だが、JBLのシステム開発の伝統的手法は、リファインされてよみがえることになる。2001年、同社ひさびさのフラグシップモデル、プロジェクトK2 S9800の登場がそのスタートであった。S9800のユニット構成をおさらいしよう。ウーファーはアルニコ磁石を採用した画期的な新開発磁気回路を搭載した15インチユニット「1500AL」、ミッドレンジは3インチ径のベリリウム振動板を持つコンプレッションドライバー「435Be」、そしてホーン型トゥイーターとして驚異の超高域特性を実現した「045Be」からなる3ウェイシステム、それがS9800であった。これらはいずれもこのフラグシップモデルのために新開発された最新鋭ユニットで、JBLのスピーカー開発技術の物凄さをあらためてオーディオファイルに知らしめたものである。

S9800を皮切りに、まるで堰を切ったようにJBLは矢継ぎ早に高品位なスピーカーシステムをつぎつぎと発表する。S5800、4348、S4800、4338といったモデルは、2002年~2004年のわずか3年の間に発売されたJBLの高級システムだが、これらは、S9800で新開発されたユニットが(すべて共通ではないとはいえ)搭載されていたのが大きな特徴だ。いや、正確に言えば、S9800で開発されたユニットを、それぞれのスピーカーシステムに最適化して搭載したのであったが、そこに私はかつてのシステムチャートの思想を重ね合わせた。つまり、強力で優秀なユニット群を開発し、それらのユニットをさまざまなシステムに展開していくというJBL伝統の手法が、21世紀によみがえったと思ったのである。しかも、かつてのようにひとつのユニットをそのまま異なるシステムに搭載するのではなく、それぞれに最適なチューニングを施しているのが現代的であった。
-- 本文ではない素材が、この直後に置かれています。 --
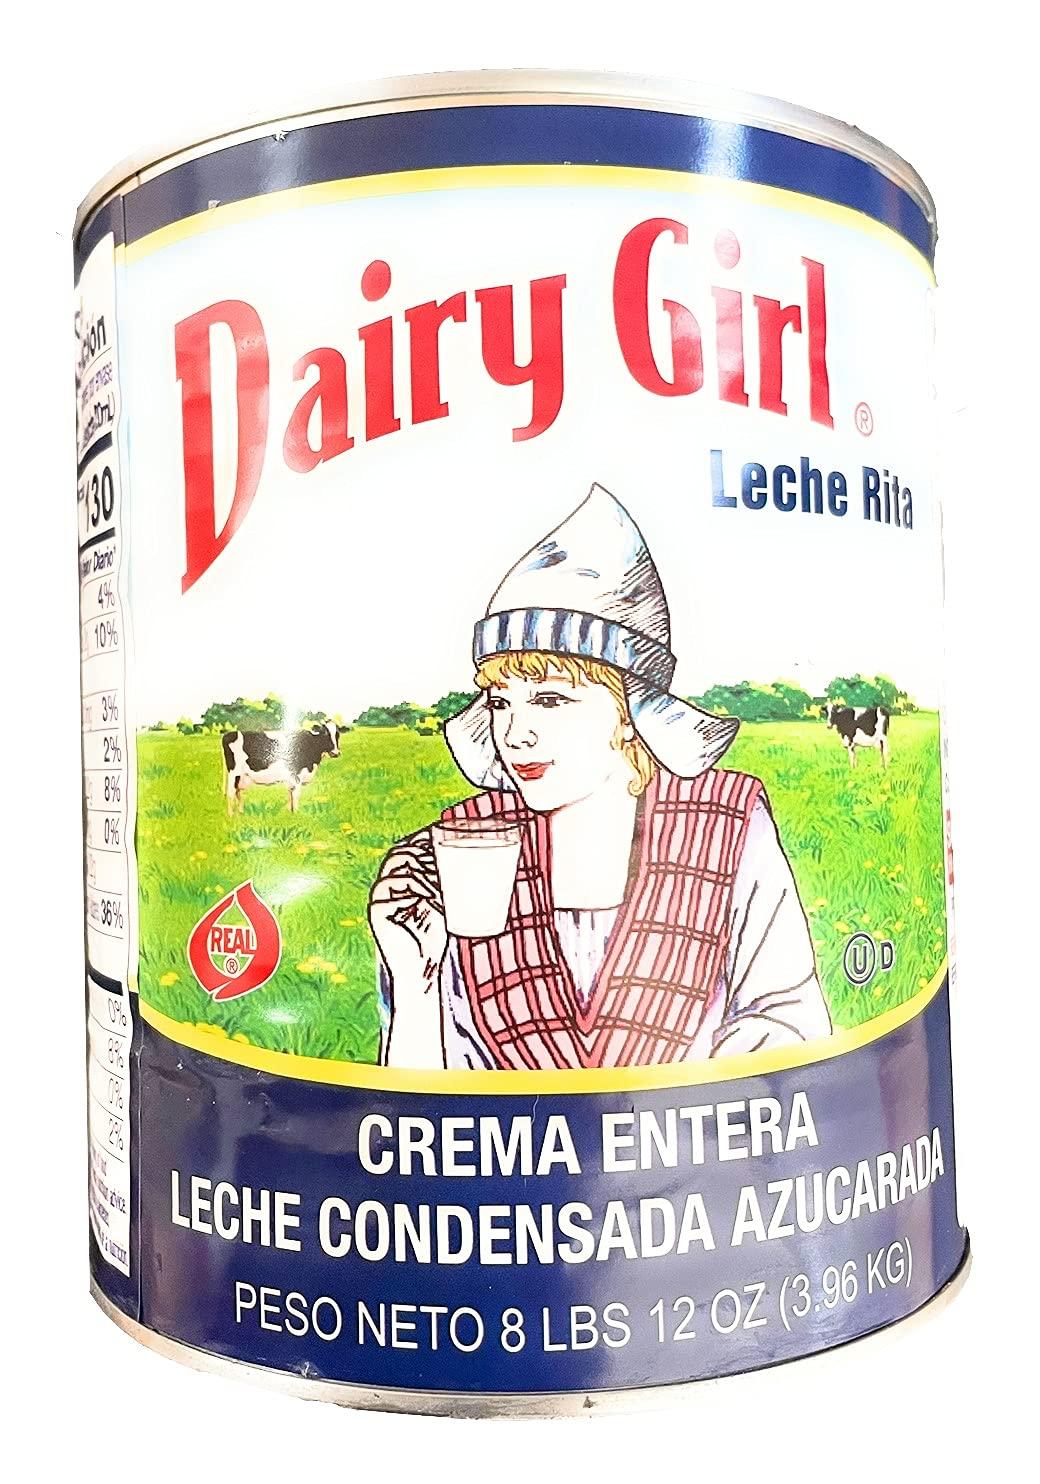 Dairy Girl Full Cream Sweetened Condensed Milk 8lbs12oz 140oz Popular standard Max 44% OFF
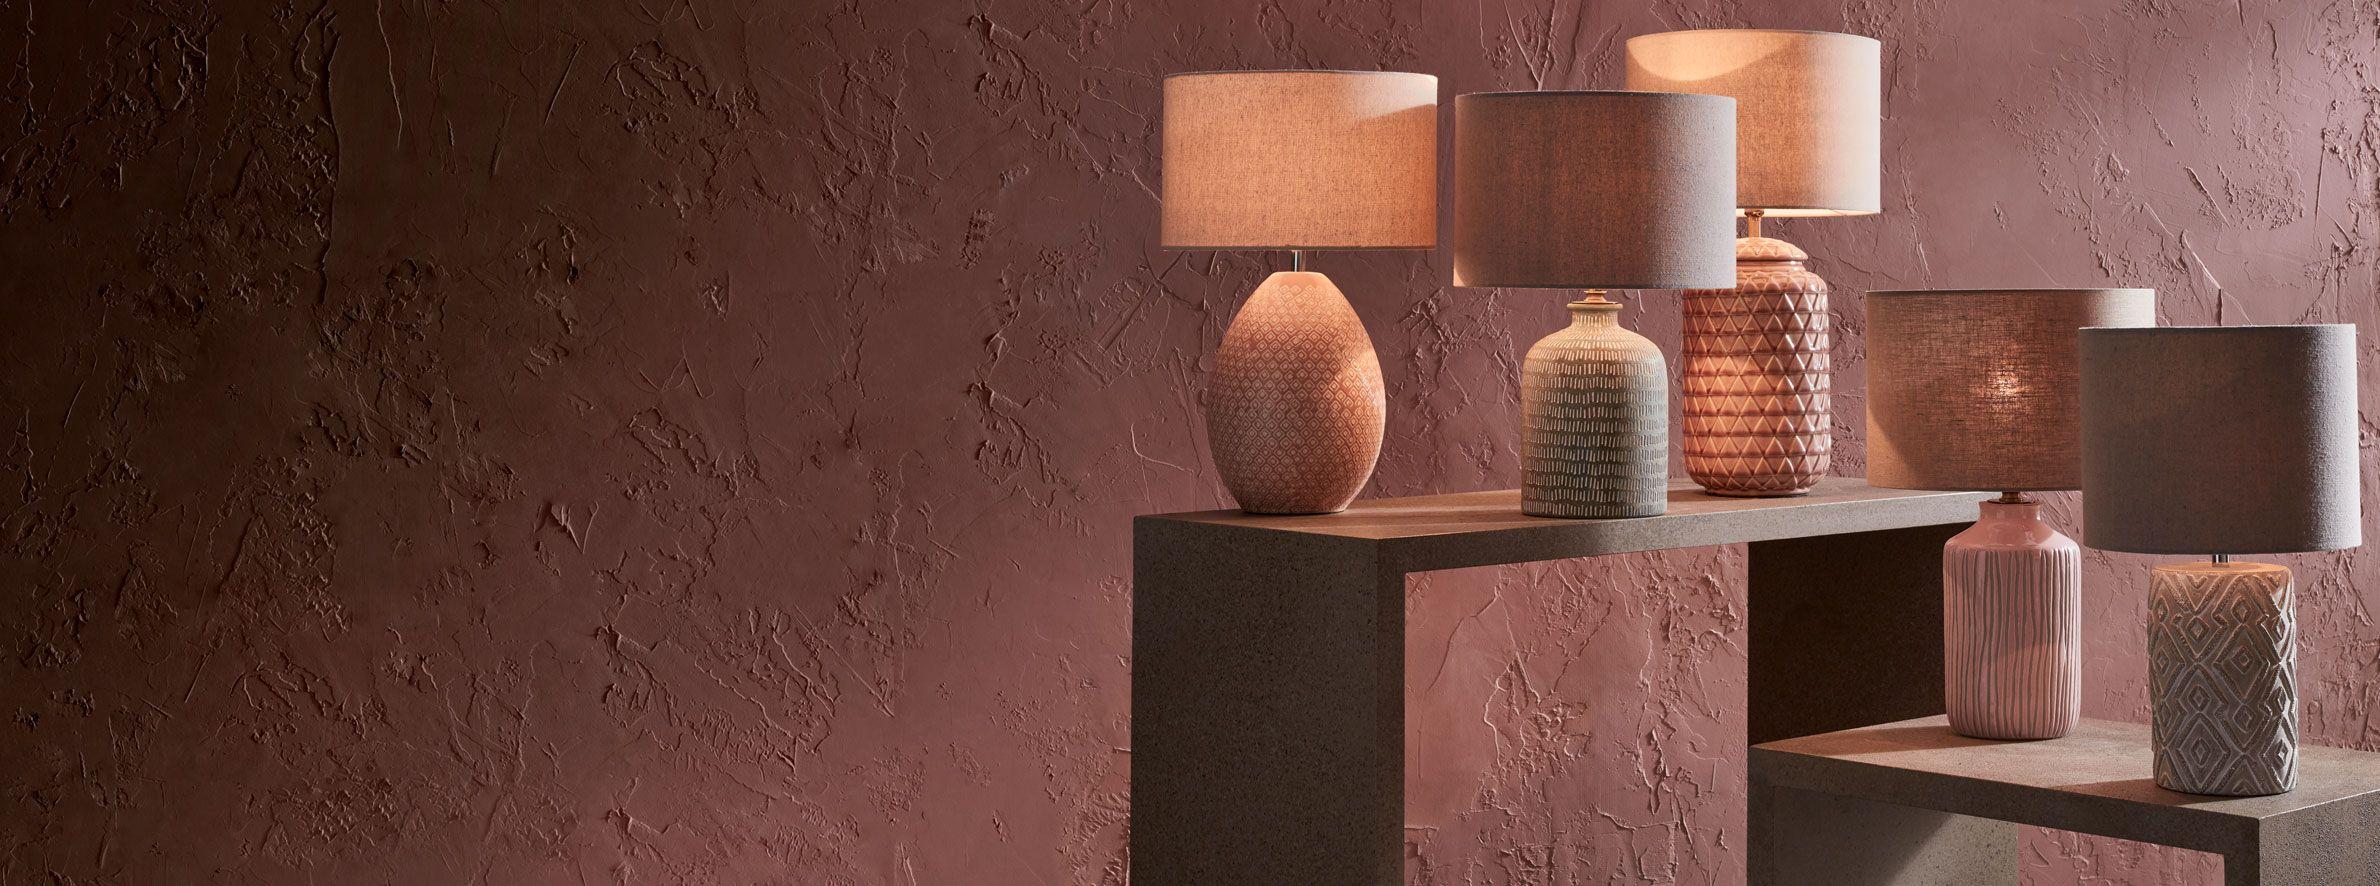 Desk Table Lamps

近~現代のフラッグシップ機の数々を手掛けてきたシステムエンジニア Greg Timbers
EVEREST DD67000に搭載されているユニット群

2006年発表のプロジェクト・エベレストDD66000も、S9800以来のシステム構想に基づいているのは言うまでもない。そして、DD66000で新開発された4インチ・コンプレッションドライバー「476Be」がまた、次なるシステムの登場を促し、プロジェクトK2 S9900やプロジェクト・エベレストDD65000/DD67000へと発展したことを見れば、いまもJBLの素晴らしい伝統が脈々と受け継がれていることが実感できよう。それはそして、スピーカーユニットに本物の力がなければ成り立たないものなのである。